Исследователи справедливо замечают, что одновременно могли проводиться разные линии. Во-первых, агрессивная, отличавшаяся стремлением государства к насильственной ассимиляции или к сегрегации мусульман на основе господствующей идеологии. Во-вторых, прагматическая, гибкая. Для такой линии характерно желание обеспечить стабильность на периферии империи «методами сотрудничества с мусульманскими элитами», а также с помощью поддержания «относительной терпимости к исламу». В то же время и реформаторство сибирских мусульман предполагало приспособление части уммы к реалиям современной жизни через адаптацию культурных, экономических, политических нововведений, как и стандартов поведения.

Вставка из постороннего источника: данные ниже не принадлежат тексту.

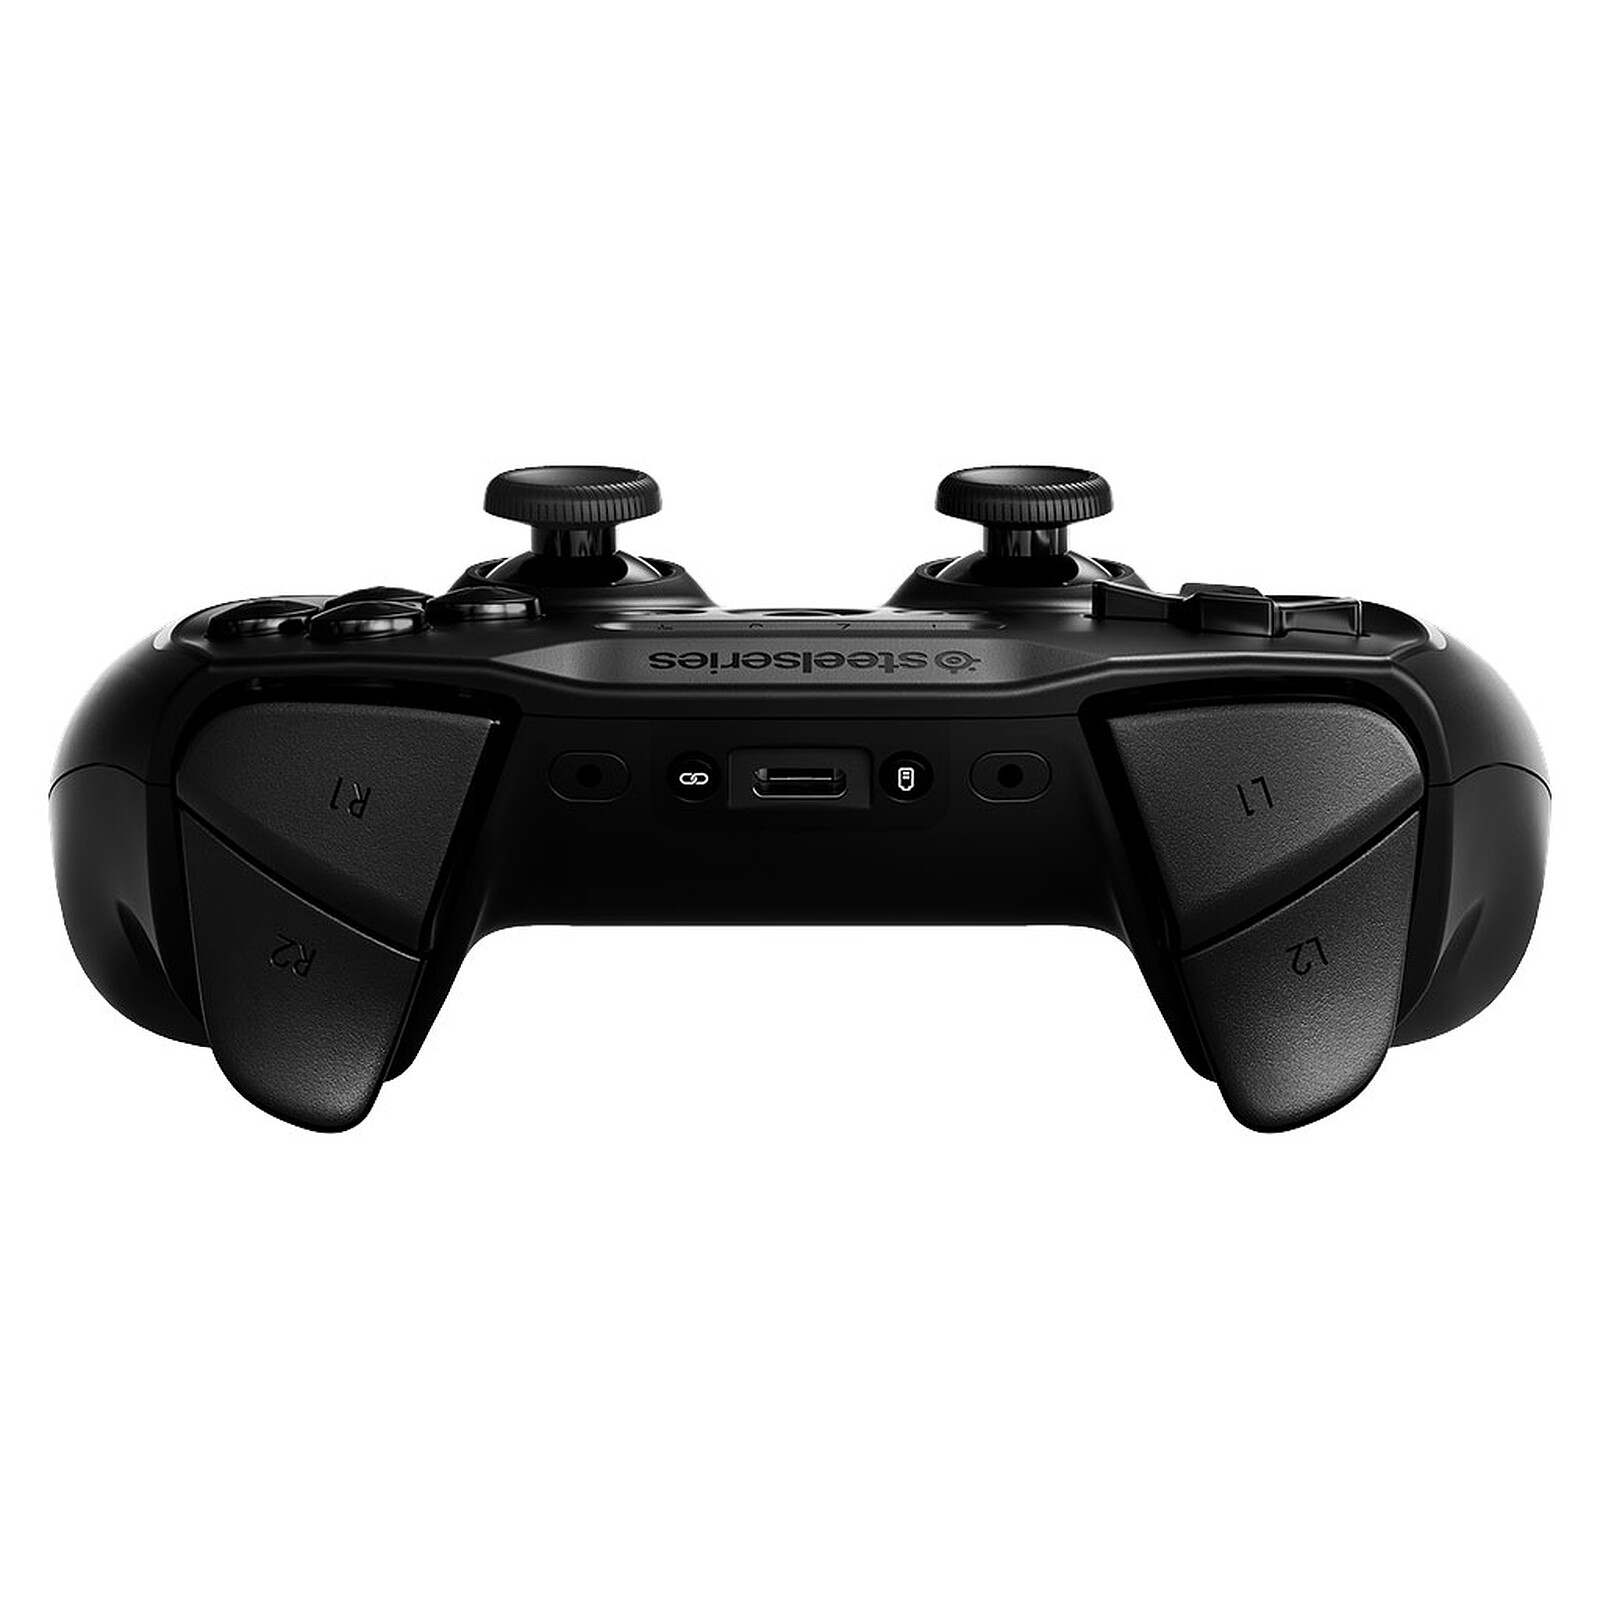 Manette Spirit Of Gamer Manette gamer predator sans fil bluetooth avec  support smartphone, pour ios apple tv, android, cloud gaming, pc, ps4, ps3

Наряду с вольной миграцией в Сибирь мусульман из Поволжья продолжилось и невольное переселение – осужденных по уголовным и политическим статьям, в том числе участников восстаний и заговоров, проходивших под антирусскими и исламскими лозунгами. Так, здесь оказались участники Андижанского восстания 1898 г., о которых Дмитрий Менделеев, посещавший родной Тобольск, написал: «Меня повели в находящуюся с краю каторжную тюрьму, где заключены на разные сроки завзятые убийцы и преступники вроде андижанских среднеазиатцев, учинивших фанатические убийства в военном лагере около Андижана. Для магометан приглашают муллу, чтобы религиозное настроение умиротворяло запертую жизнь и облегчало внутреннее самосознание».
Западная Сибирь принадлежала к «местам не столь отдаленным». Только на территории Томской губернии насчитывалось 6 пересыльных тюрем, через которые осужденных этапировали дальше на восток. Иногда изоляция являлась мерой, введенной из-за политических обстоятельств, сословных, этнических, региональных противоречий и борьбы за лидерство в уголовной иерархии. По замечанию тюремной администрации мусульмане с Кавказа «благодаря своей национальной неустрашимости и решительности, а также пылкому темпераменту не боятся русских и держат себя вызывающе по отношению к ним».
Исламофобия на тот момент уже нехарактерна для всего российского общества. А вот для Церкви исламская проблема не была на периферии. Например, в 1851 г. Тобольская духовная консистория отметила: «Что воспрещение русским проживать в домах магометан и носить одежду подобную магометанской не будет согласовано с местными обстоятельствами Сибирского края, и, не говоря о затруднительности сей меры, она не только не принесет пользы, но может возродить даже вредные последствия, ибо всякое нововведение резко действует на умы людей грубых и необразованных, особенно же между дикарями, к числу коих принадлежит большая часть сибирских инородцев, исповедывающих магометанскую веру».